Written By: Julie - Nov• 04•13

buckeye roosterWhen I got serious about raising meat for my family I decided that we needed a heritage breed. Heritage breeds are those breeds that have been recognized by the American Poultry Association since at least the mid 20th century. While we have raised the ubiquitous Cornish Rock X chickens, they are not able to reproduce naturally. They were delicious. They were also easier to raise than I had been lead to believe. However, having to buy new chicks for each batch is just not as self-sufficient as our family is hoping to be. So I started searching for a heritage breed of chickens that met our needs.

Breeding any animal comes with responsibility for the resulting offspring. Some people do keep chickens merely as pets, but most expect their chickens to be useful. Males will need to find jobs as sires for future offspring or in the case of farm animals, dinner. I wanted a breed that was heavy enough to yield a good-sized roaster. A three pound chicken just seems like a waste to me. I prefer a chicken that gets to at least 4 pounds of processed weight by harvest age, preferably larger.

Hens will need to be able to find jobs as egg producers. This will be easier if they are prolific layers. When they stop laying, it is nice if they are big enough to provide a decent meal as well. I wanted a dual purpose breed so both the hens and roosters could be successful in their careers. For a micro-farm to be profitable, and therefore able to sustain itself, both the male and female chicks need to be productive.

If I am going to go to the trouble of breeding chickens, I like the idea of helping to preserve an endangered breed. I soon narrowed down our list of potential breeds to those that are on the American Livestock Breeds Conservancy list as threatened or critically endangered.  Both Delaware and Buckeye breeds are listed as Threatened, which means that at the last national count, there were fewer than 1,000 breeding birds. The estimated global population of each of these breeds is less than 5,000. Pretty cool to be able to play a small part in helping to preserve these heritage breeds. Both breeds are known for laying well and for making great meat birds.

Wait – did I just say I plan to eat endangered birds? Yes, yes I did. You see, with farm animals such as these, we need to breed them to protect them. The excess and less-than-perfect birds need to be removed from breeding programs. The obvious answer is to eat the extras. As we promote and encourage markets for these birds we also make it possible to keep breeding these birds in a sustainable way. Farms need to produce food and/or money and there is simply no practical way to rehome all of the excess chickens.

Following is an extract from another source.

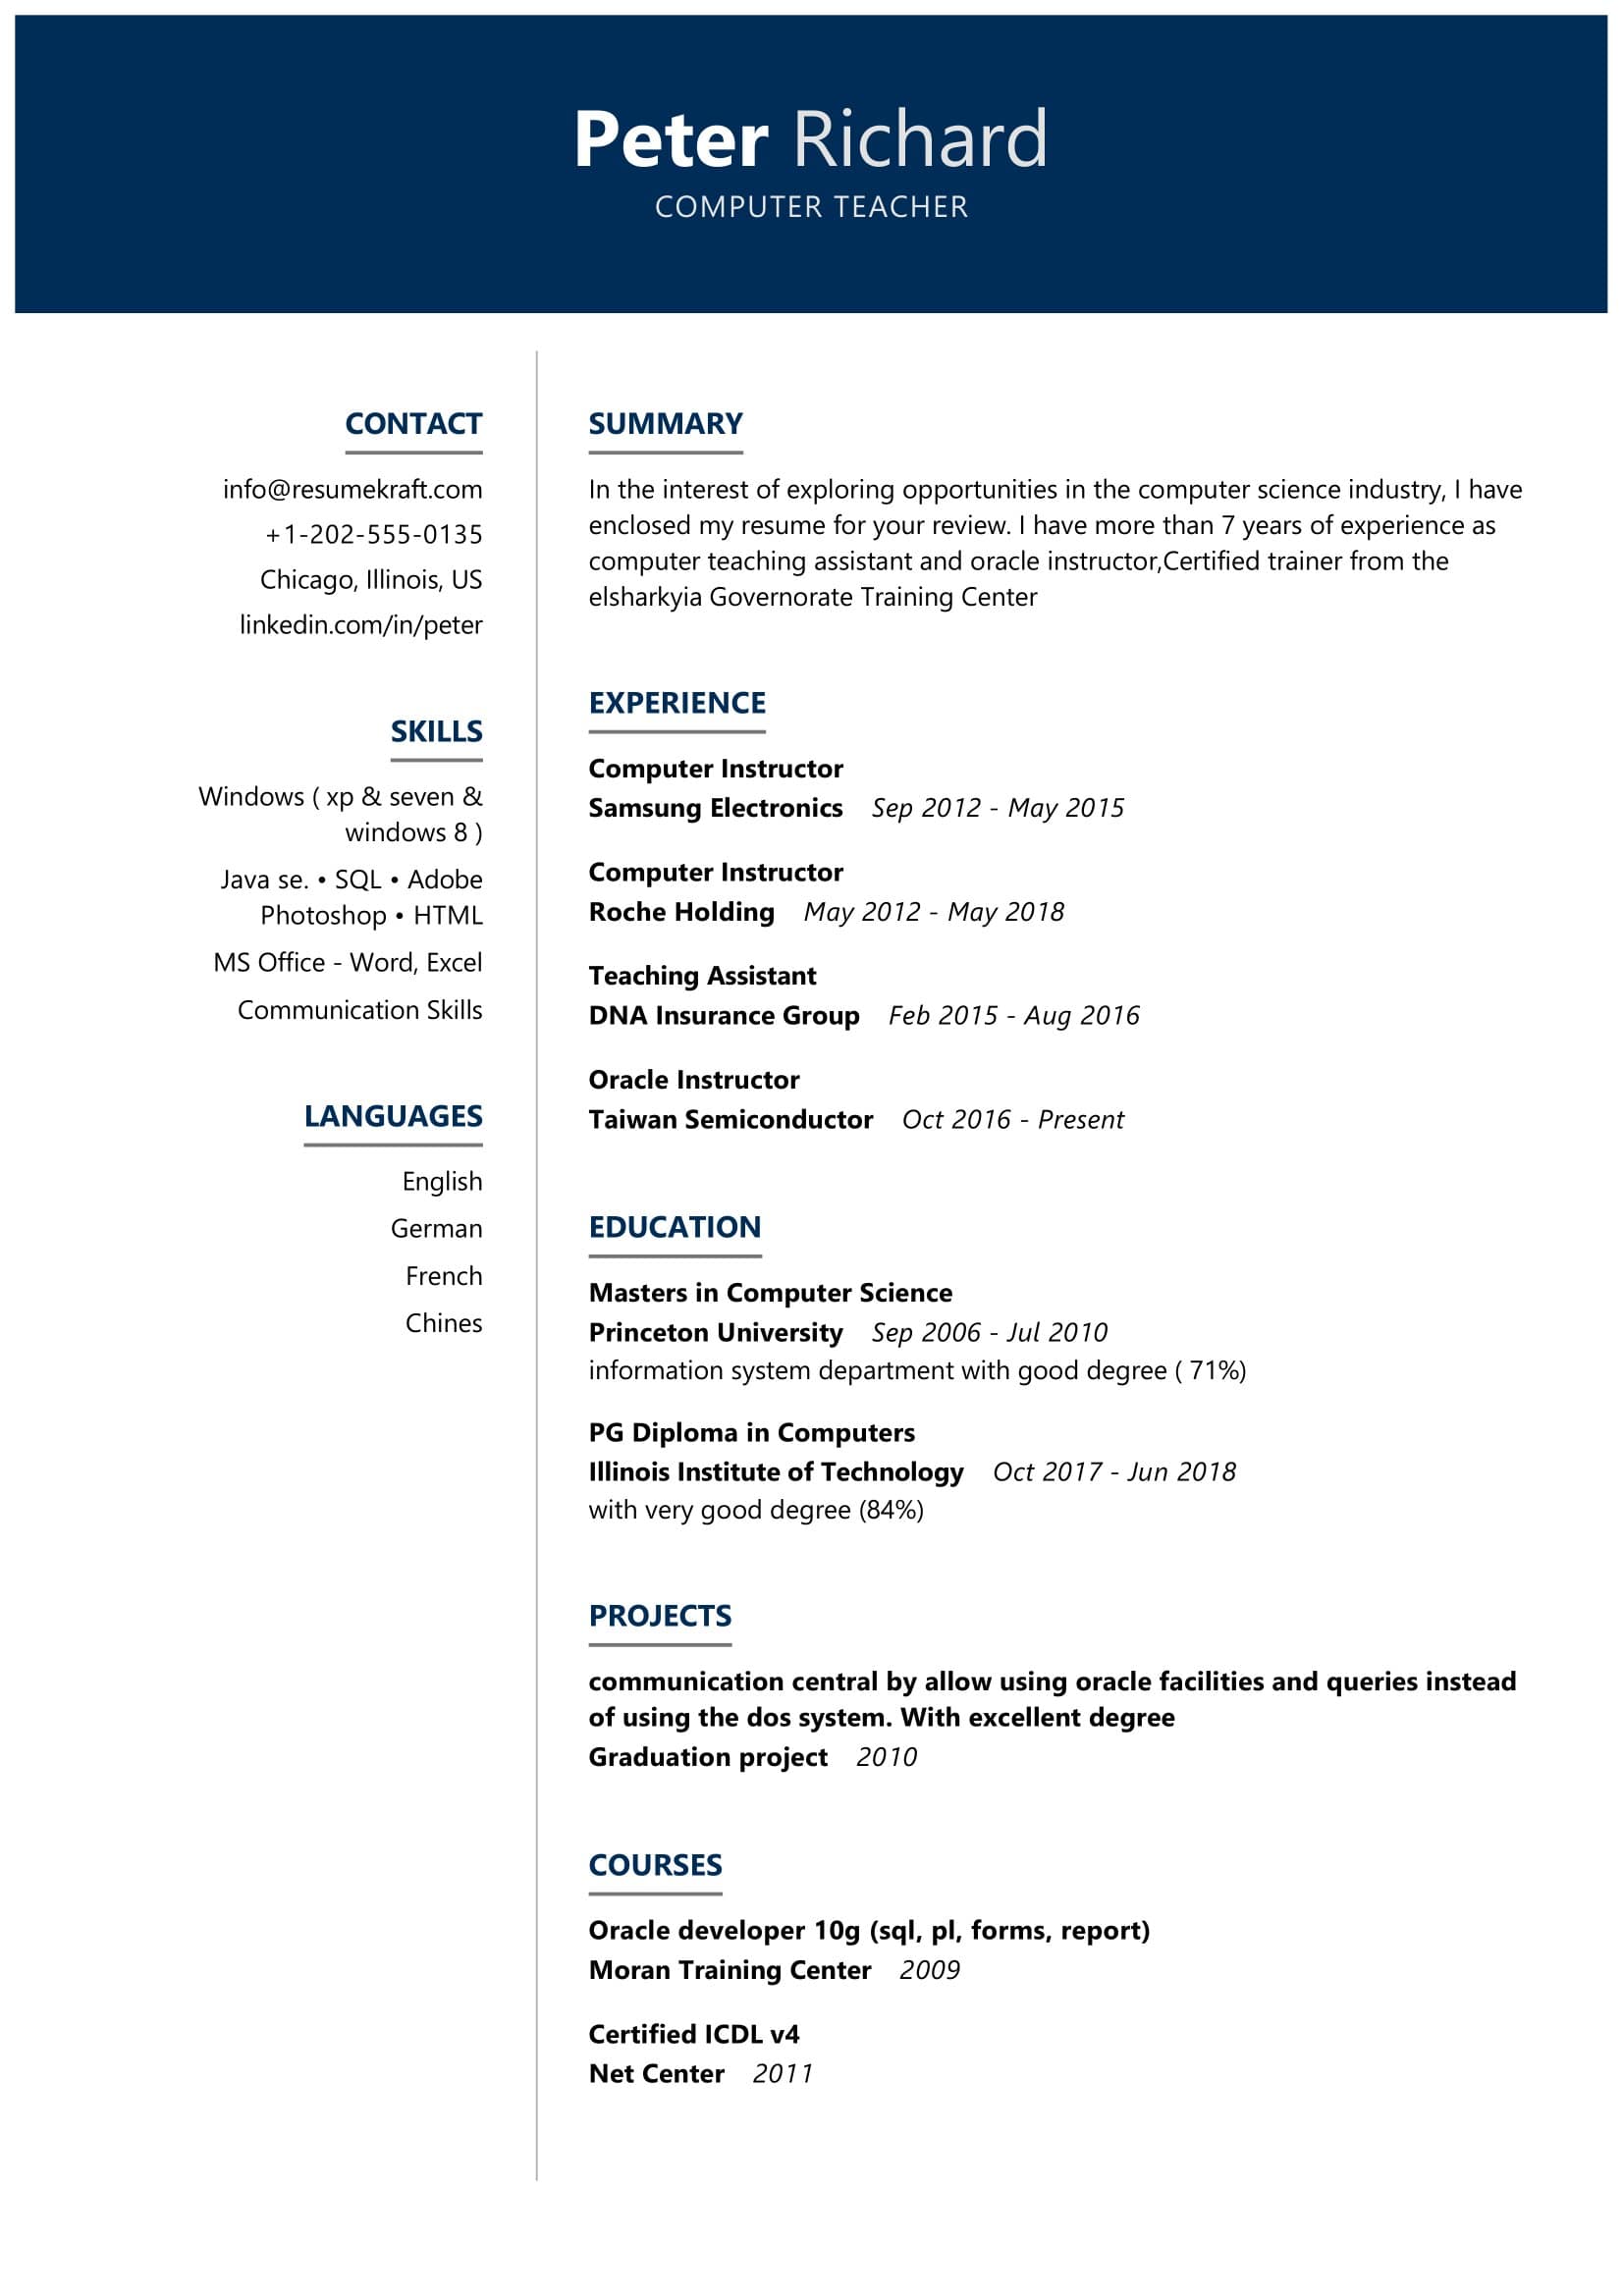 resume for computer teacher fresher in school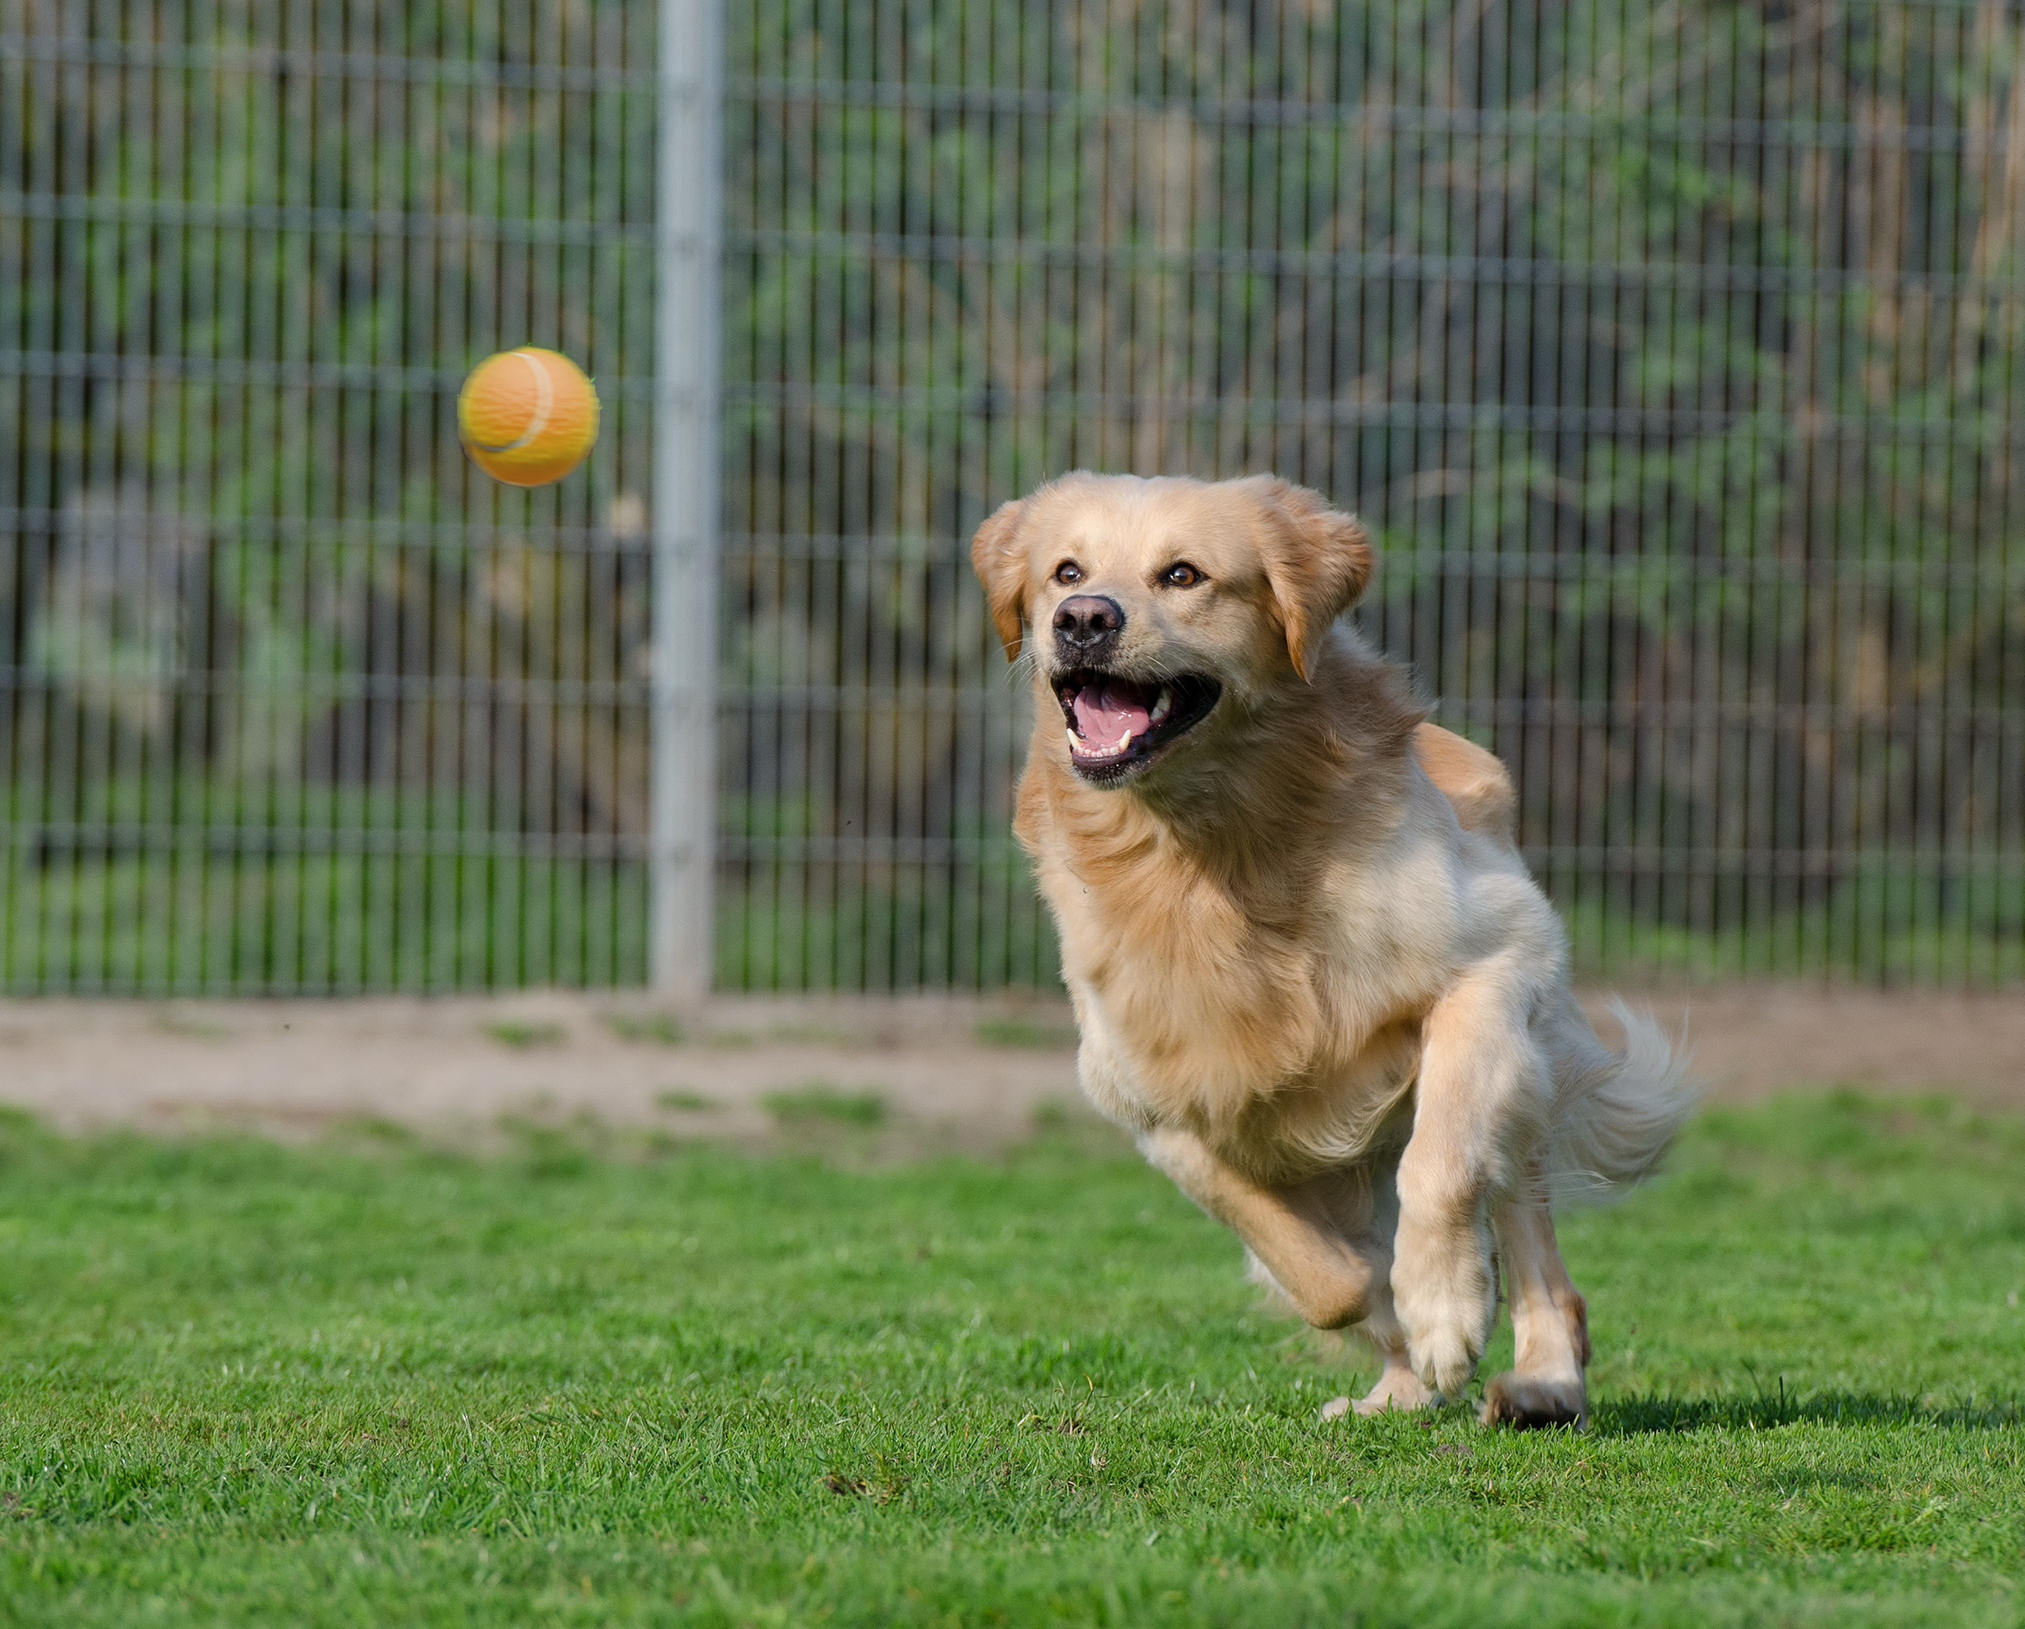 Golden Retriever chasing a tennis ball

To protect a breed we need to hatch a lot of birds and keep only the best of the best for breeding. Serious breeders will hatch hundreds or even thousands of eggs each year. The best breeders are chosen by selecting those birds that are closest to the American Poultry Association Standard of Perfection for each breed. Many breeders also select for how fast a breed reaches market weight or how fast the hens start laying, how often they lay, and other desirable characteristics.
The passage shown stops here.